JanusGraph / janusgraph

JanusGraph: an open-source, distributed graph database
https://janusgraph.org
Other
5.27k stars 1.16k forks source link

Fix CQLPagingIterator for Amazon Keyspace #3390

Open li-boxuan opened 1 year ago

li-boxuan commented 1 year ago

Unfortunately, Amazon Keyspace diverges from Apache Cassandra when it comes to paging.

Due to the way Amazon Keyspace works, even if a page iterator returns empty results, there still can be a valid next page with data. This happens when ALLOW FILTERING is used. In JanusGraph, this means when a full scan is triggered. We should fix CQLPagingIterator in CQLKeyColumnValueStore.java.

At the moment, I am not 100% sure whether this would also require a fix from the DataStax java driver which implements paging internally as well.

C.C. @porunov since you did quite a bit of the CQLPagingIterator implementation.

References: https://stackoverflow.com/questions/69940435/amazon-keyspaces-allow-filtering-without-all-keys-in-node-js https://docs.aws.amazon.com/keyspaces/latest/devguide/working-with-queries.html#paginating-results https://github.com/JanusGraph/janusgraph/discussions/3378#discussioncomment-4405659

porunov commented 1 year ago

In this case I don't know how to determine that we finished reading data from Amazon Keyspace (at least I'm not sure how to do that with Datastax Java Driver). I would imagine that we can improve CQLPagingIterator with providing a function which builds a new statement with the last page state (i.e. currentResultSet.getExecutionInfo().getPagingState()). That said, if all those statements return nothing then it's not clear that we finished or not. Thus, it will lead to infinite loop. I guess as a workaround we could store the last used page state and the current page state. If they are equal then it means we reached the end (probably). That means we will always have a single redundant call at the end to verify that we really reached the end. Not sure how good this solution is. Also, I guess it could really be implemented on DataStax driver side.

hexa00 commented 1 year ago

@li-boxuan will that be a problem also for a SparkComputer iterating over all edges for example ? I'm not sure if it's doing iteration differently?

li-boxuan commented 1 year ago

@hexa00

That won't affect SparkGraphComputer. Spark traversal uses CqlRecordReader to load the data.

xentripetal commented 1 year ago

Some context on the datastax side, the issue is here

https://github.com/datastax/java-driver/blob/39bf5e363e79d0184b5897d65197202391967bae/core/src/main/java/com/datastax/oss/driver/internal/core/cql/MultiPageResultSet.java#L92

    @Override
    protected Row computeNext() {
      maybeMoveToNextPage();
      return currentRows.hasNext() ? currentRows.next() : endOfData();
    }

where it advances the page then ends the iterator if the next page has no data, regardless of if theres another page.

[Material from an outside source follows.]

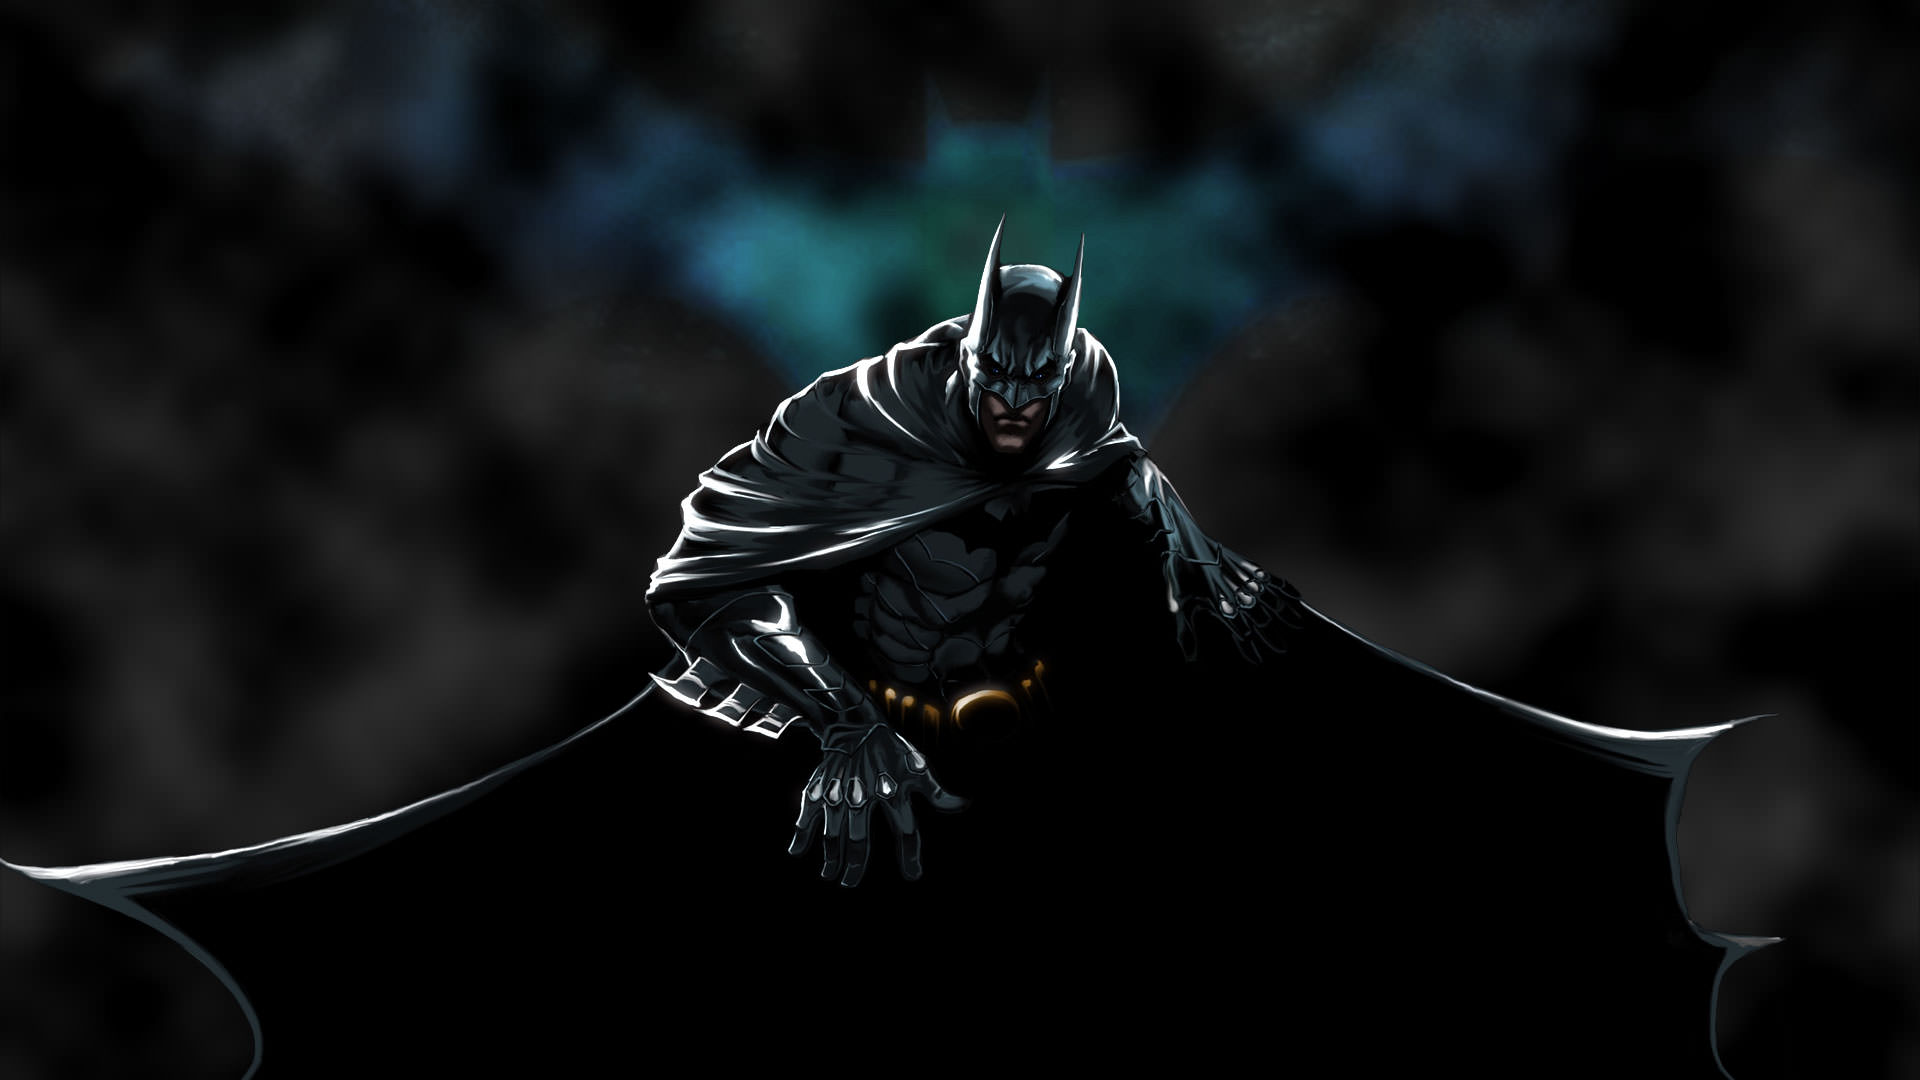  Batman Wallpapers Backgrounds Images Design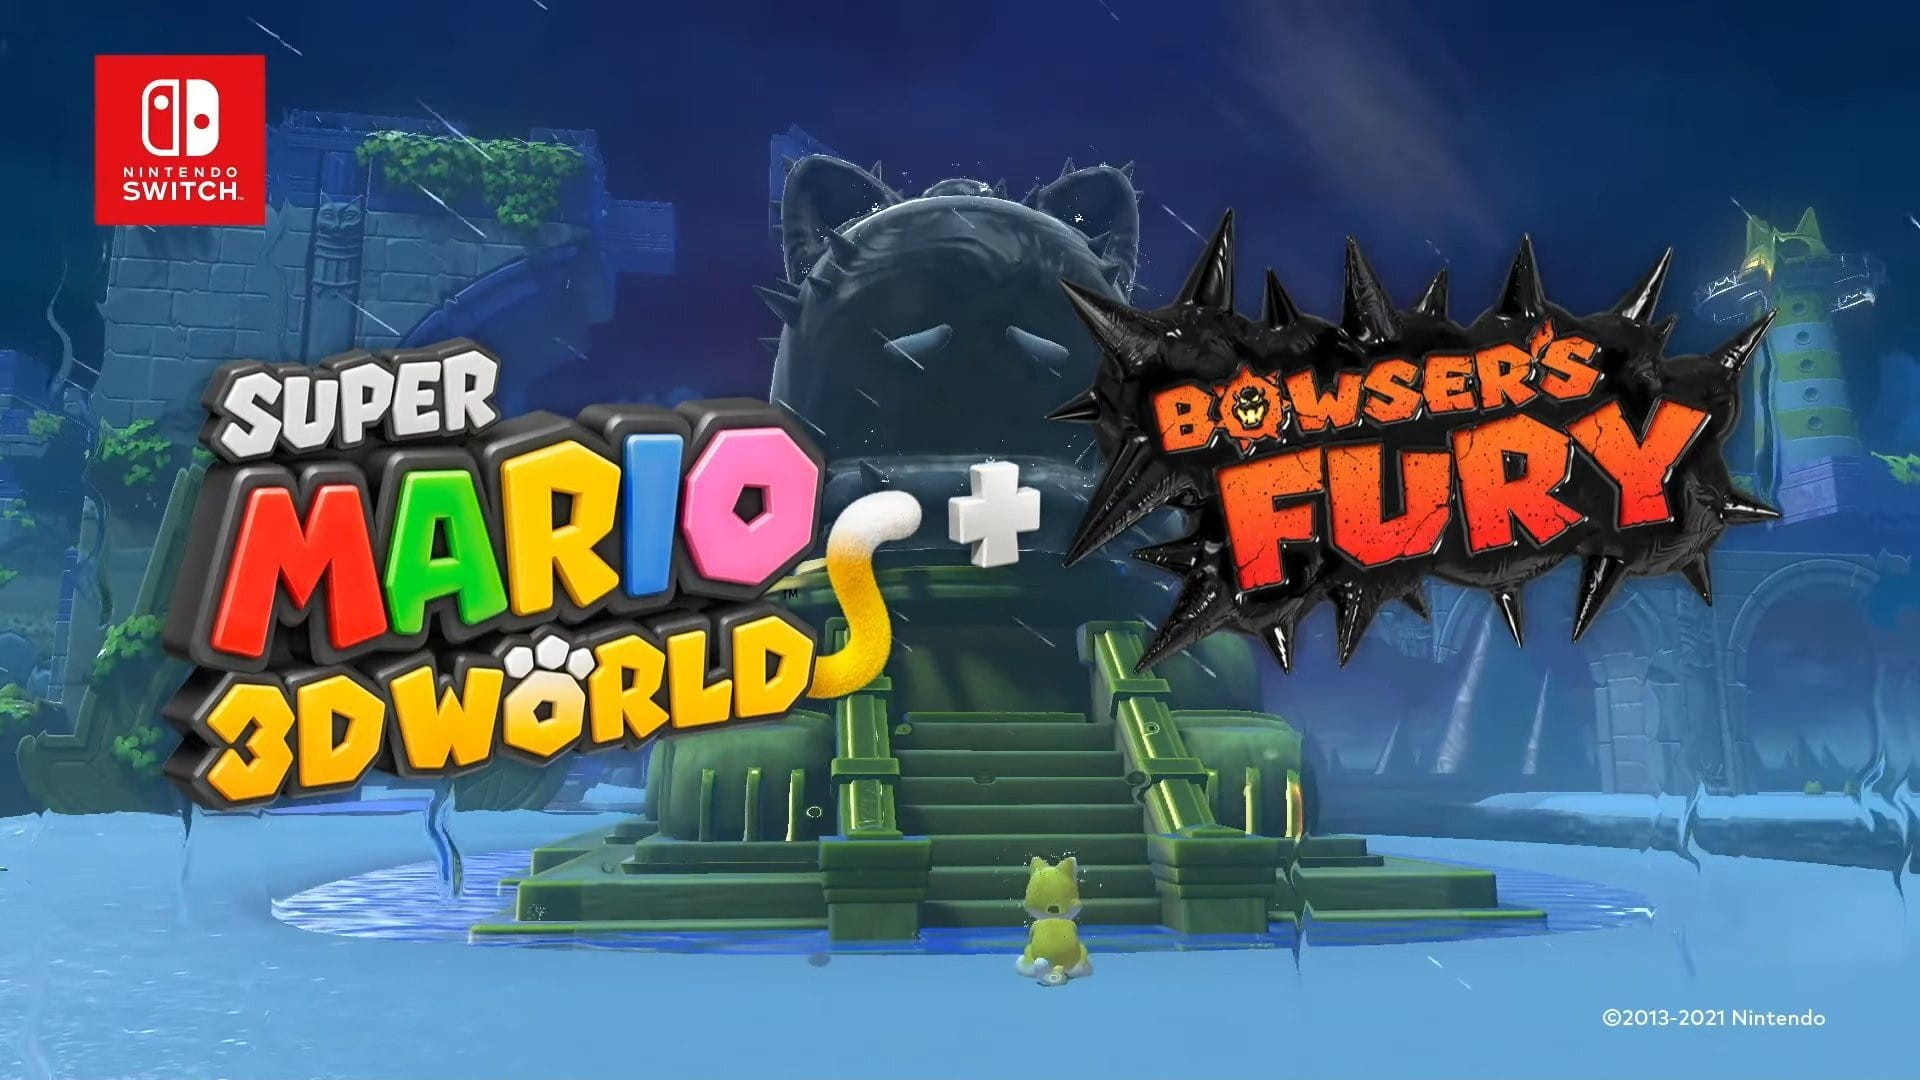 Super mario bowser fury. Super Mario 3 d World Bowser s Fury. Super Mario 3d World + Bowser's Fury. Super Mario 3d World + Bowser’s Fury(2021). Super Mario 3d World Bowser's Fury Nintendo Switch.

I'm surprised no one at AWS ran into this issue as this is their officially recommended java driver.

porunov commented 1 year ago

The issue could potentially be fixed in https://github.com/JanusGraph/janusgraph/pull/3760 because the pagination approach is changed in that PR and we don’t use sync pagination anymore. I assume after that PR is merged the issue could be potentially fixed, but I personally didn’t use Amazon Keyspaces, so can’t tell for sure. Anyone who is interested in Amazon Keyspaces is free to try it afterwards.